The ANZAC day ruling demonstrates the intolerance of the state for any
actual challenge to its hegemonic discourse. The High Court Justice Miller
upheld the convictions in the flag-burning case saying that the protest
‘went to far.’ Justice Miller’s opinion that handing out leaflets and
giving away free food was fine, but actually challenging anyone’s ideas,
particularly the government’s was offensive behaviour. In fact, he
suggested that some might consider it an act of ‘desecration’ so high was
the symbolic value of the act of burning the flag.

By his ruling, he declared that ANZAC day is too sacred for criticism.
Noting that the day is bathed in the “aura of dignity and respect,” the
High Court Justice effectively removed it from the realm of any debate.
ANZAC day is precisely what the Government says it is: a day of
commemoration; just as today’s Vietnam ceremony was a “commemoration,” a
place inappropriate for political debate.

The placing of military ceremony into the realm of the sacred is a clever
tactic indeed. No longer can anyone be blamed for what actually happens;
it is enough to say it happened, it was horrible; let us remember those
poor soldiers who had to endure it.
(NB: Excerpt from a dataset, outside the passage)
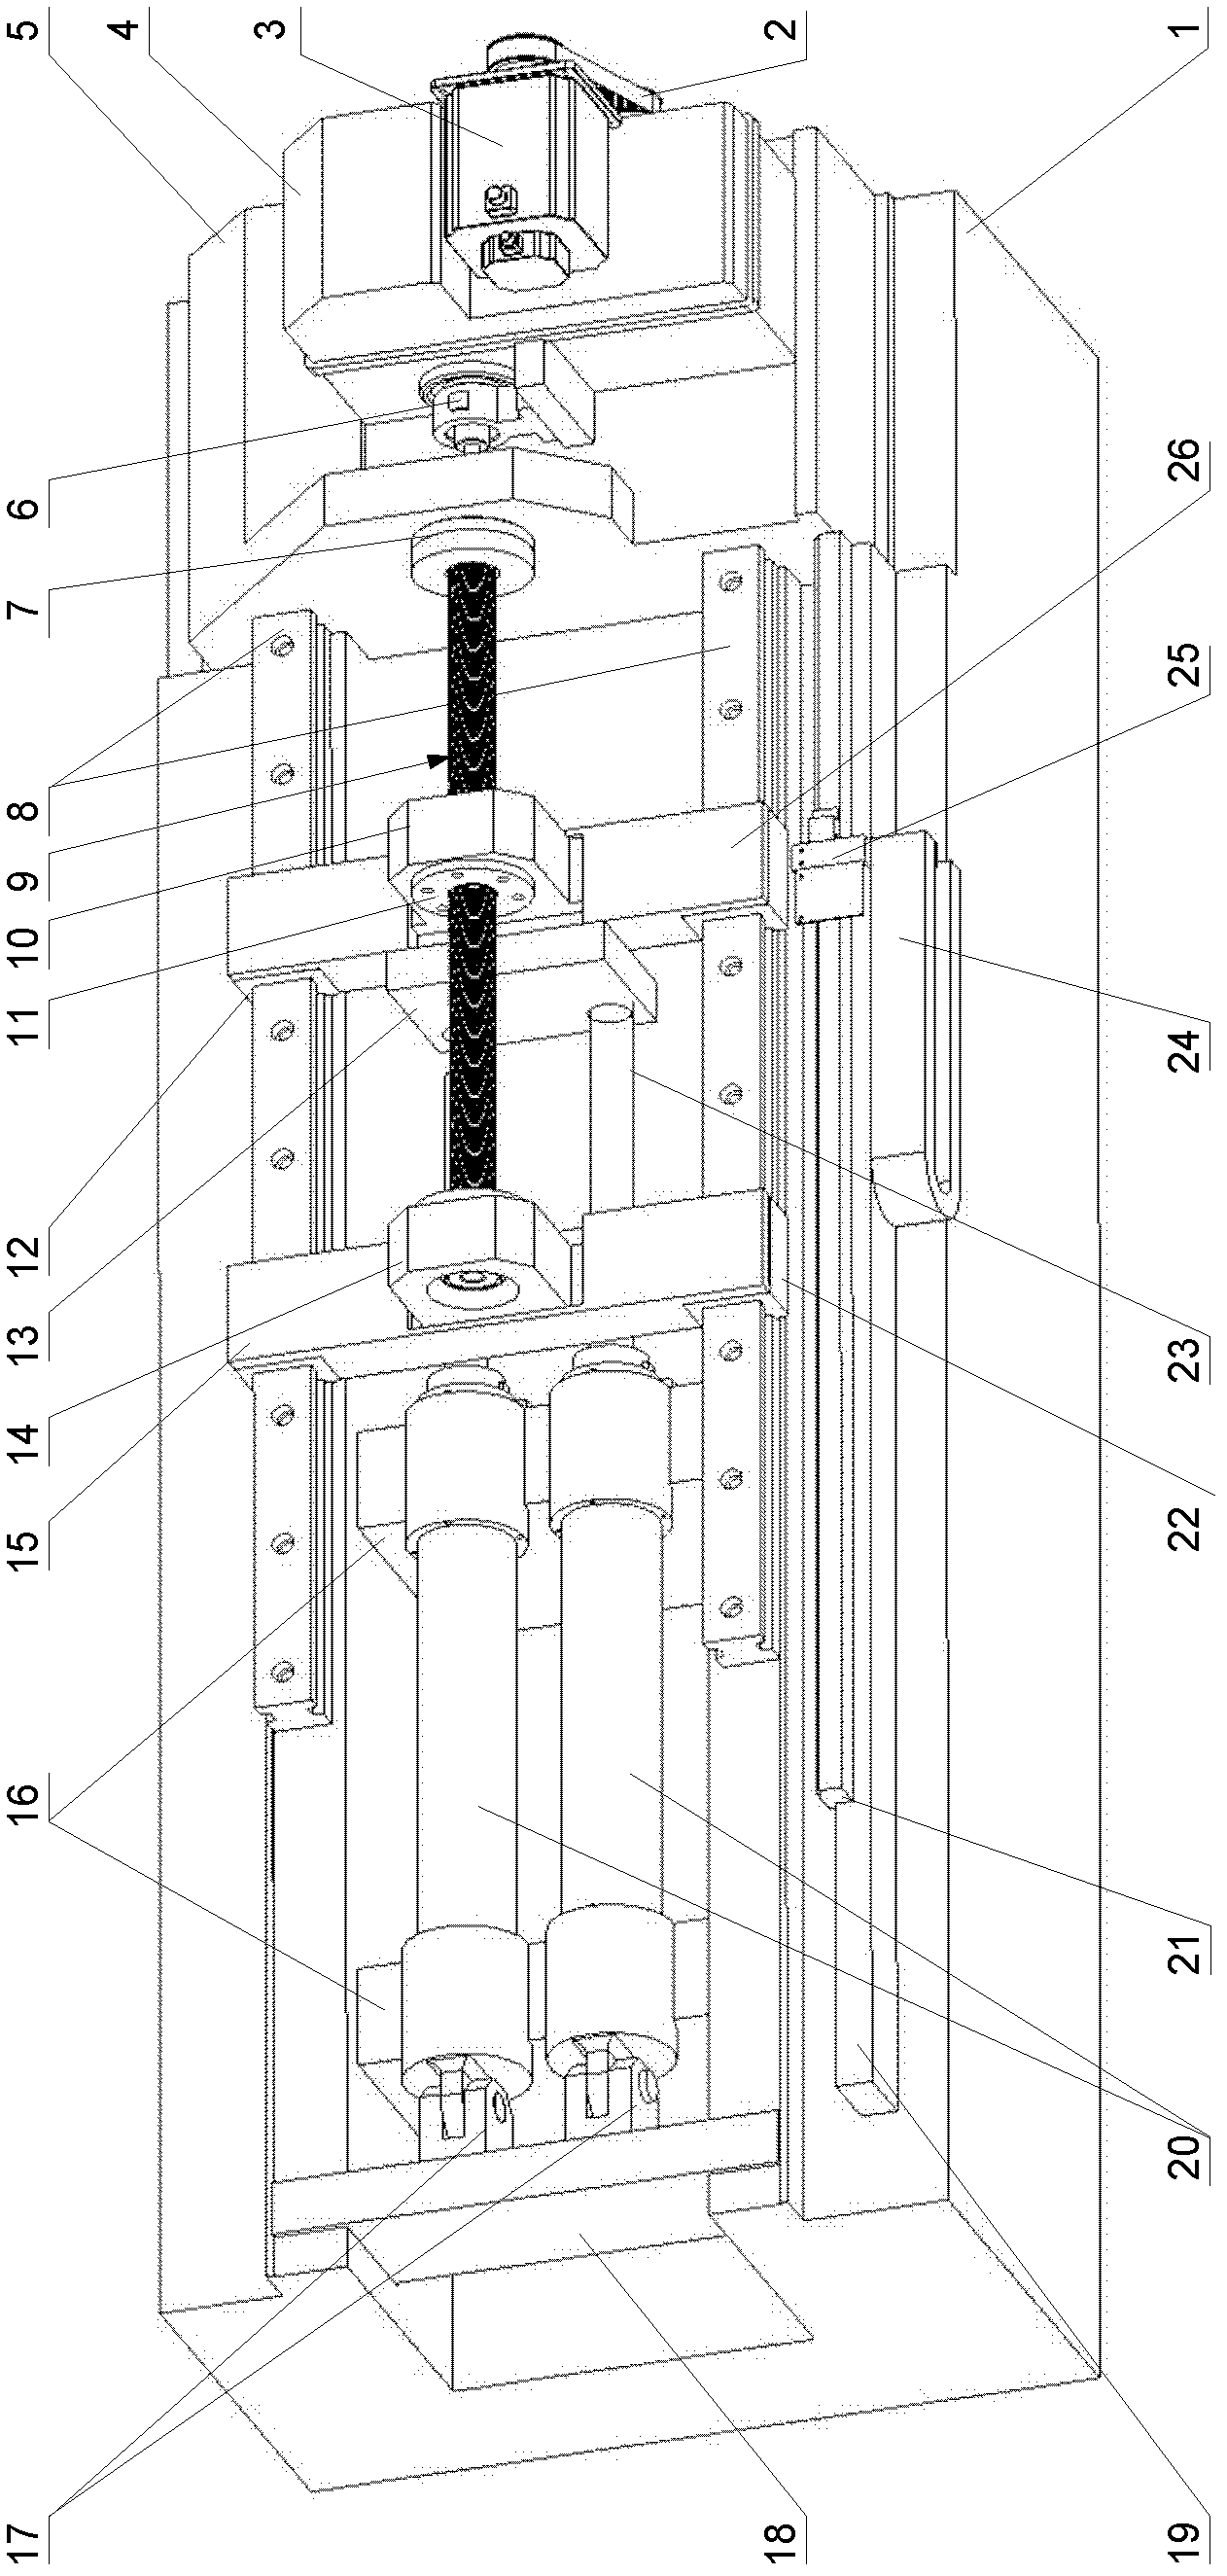 Device and method for testing precision retaining ability of ball screw assembly

But under no circumstances should we
draw any comparisons to Afghanistan today or illustrate any hypocrisy,
like the failure of the government to acknowledge the thousands of
ordinary people exposed to the same chemicals in Agent Orange, compliments
of the Ivor Watkins Dow Chemical plant in New Plymouth.

No no, we can no longer think, we must simply shut up and raise the flag.